After working with troubled children all week, Dr. Phil Okun loved nothing more than to read the newspaper and comics with own children Sunday mornings.
Often, his young daughter, Sherry, would sit in his lap.
“I was Daddy’s little girl,” Sherry Rudnak, now 40, recalled of her youth. “He carried me around until I was nine.”
Then there’d be a trip to Boychik’s for bagels. His son Joel would come along, and there’d be afternoons spent listening to NPR or playing chess.
On Mondays, it was back to work at the Atlanta area child mental health facilities as a child psychiatrist. His dedication to helping children who had been abused or victims of trauma was unmatched, said those who worked with him over his 40-year career.
“There’d be times when he’d already worked a ten- or twelve-hour day, but someone would need him, and he’d say, ‘OK, I’ll come back in,’” recalled Sherry Kollmeyer, who first met Okun in the early 1980s when she had just become a registered nurse.
“All his patients loved him.”
Okun, still working full-time at age 72, was scheduled to see patients on Friday, March 25. When he missed two appointments, staff members knew something must be wrong. He had passed away peacefully at his Douglasville home from undetermined causes.
Philip Okun was born Oct. 13, 1943, in Richmond, Va., to Morris and Helen Katchko Okun. The family had a long tradition of cantoring — acting as prayer leader in Jewish services. His grandfather, Adolph Katchko, was a composer and also a cantor, as was his father, and the family instilled in the young Phil the values of Conservative Judaism.
For High Holiday services, he returned each year to the Temple of his youth in Richmond, Temple Beth-El, and was cantor in the “overflow” part of the synagogue, his daughter said.
He graduated from the University of Richmond and then the Medical College of Virginia. Okun came to Atlanta to complete his medical residency at Emory University and settled in the area. He was a member at Congregation Ahavath Achim.
Those who knew and worked with him said that he seldom spoke of his deep faith. Instead, he lived it deeply, taking as much time as necessary to care for abused and traumatized children.

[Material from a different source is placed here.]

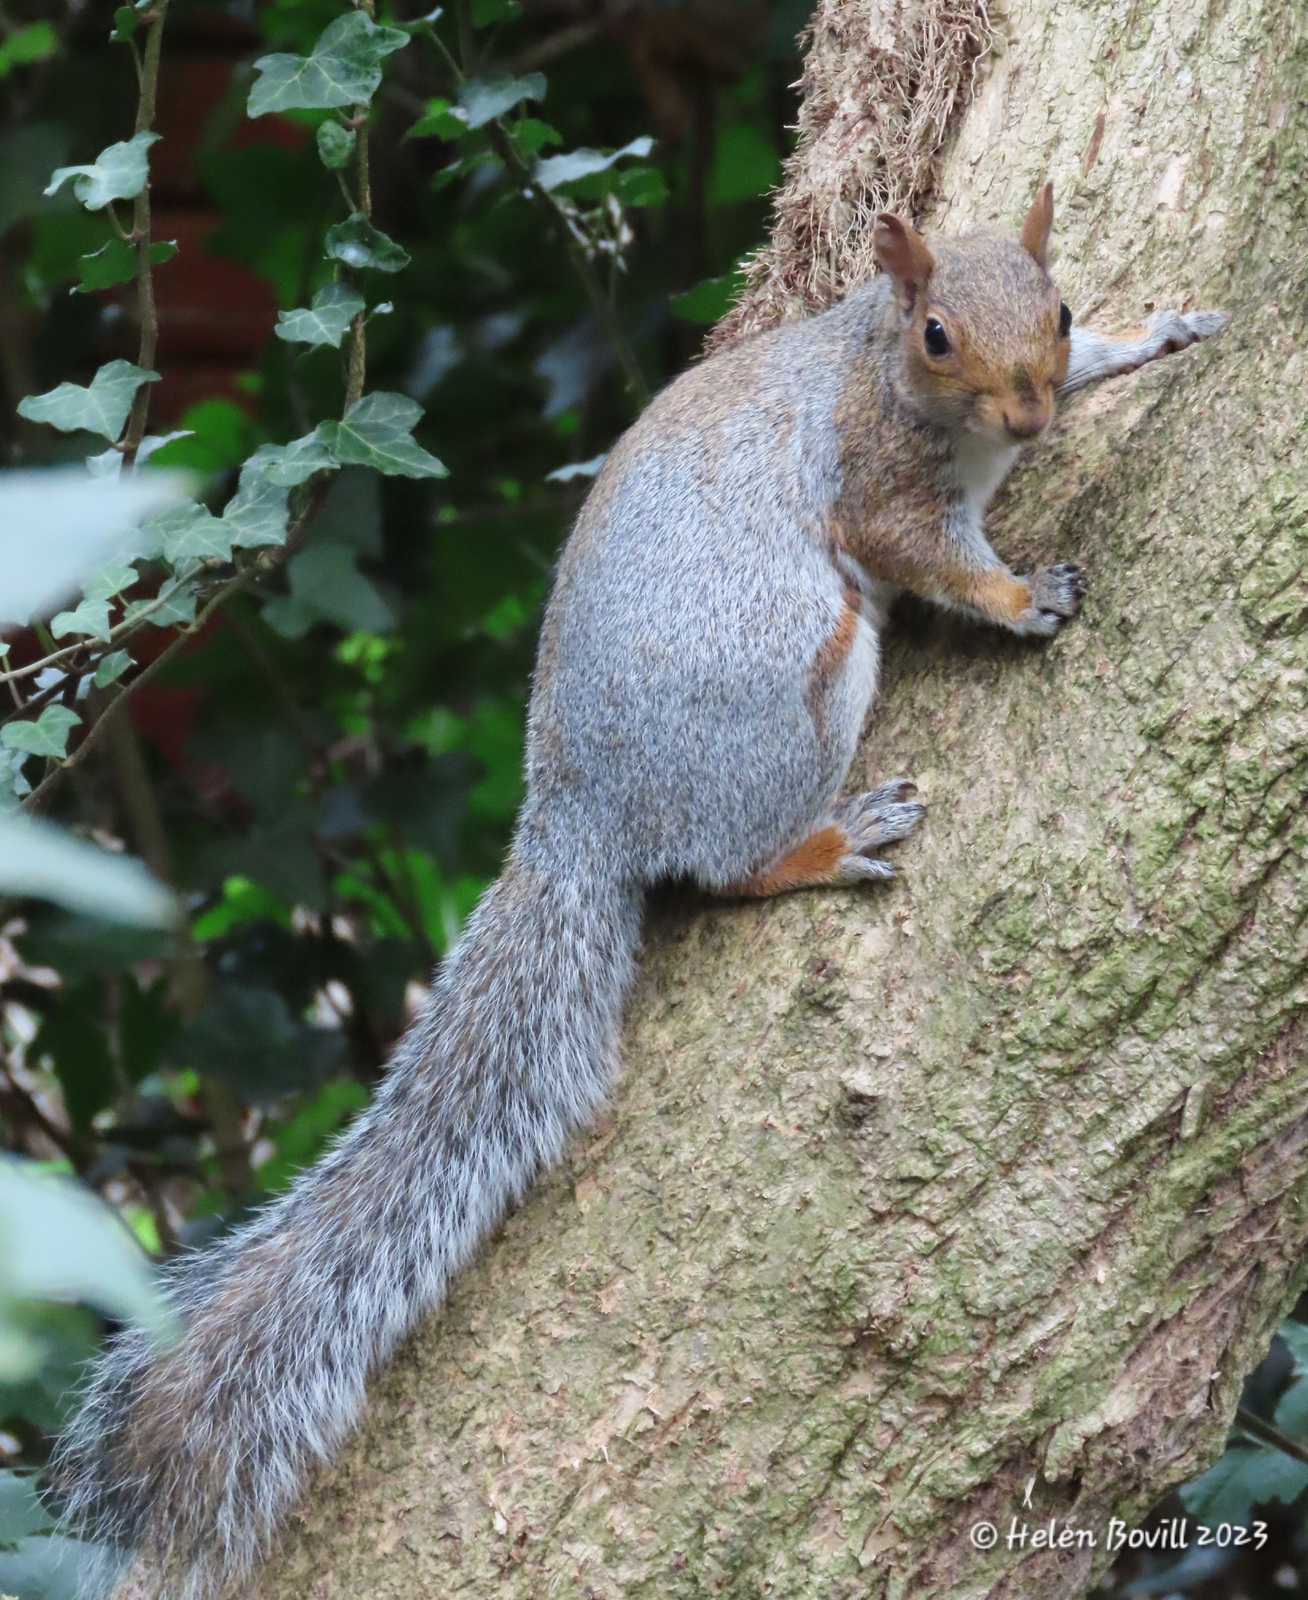 A Grey Squirrel climbing up a tree in the cemetery

“He went above and beyond at every turn,” said Emily Acker, CEO of Hillside, an Atlanta treatment center for children and teens. Acker, who worked with Okun at Youth Villages-Harbor Campuses in Douglasville, explained that only children who had very serious problems would be admitted for treatment in a facility.
Okun took meticulous care in developing treatment plans, Acker said.
“He was very methodical. He took his time. He was always willing to help the other psychiatrists and techs,” Acker said. “And I know he touched the lives of thousands and thousands of children over the years.”
His daughter experienced his laser-focus to detail when her husband Derek Rudnak was critically ill just a few years ago.
“He was on the phone with me every hour, between patients, telling me how to advocate and ask questions. He was very calm and collected. I saw that he wore that doctor hat very well.”
Joel Okun, of St. Louis, said he has been receiving emails in the past week from strangers with a story to share about his father’s kindness or help. One came from a fellow medical student of Okun’s at Emory.
“He said my dad was the reason he stayed in medical school,” Joel said.
He passed those values on.
“He told us, ‘whatever you can do to help others, you do it.’ It was unreal and wonderful to see,” Joel said.
In addition to his children, Okun is survived by his sister, Judith Belinkie of Richmond, Va., and granddaughter Maggie Okun.
The funeral for Okun was March 28, 2016 in Richmond at Temple Beth-El in Richmond.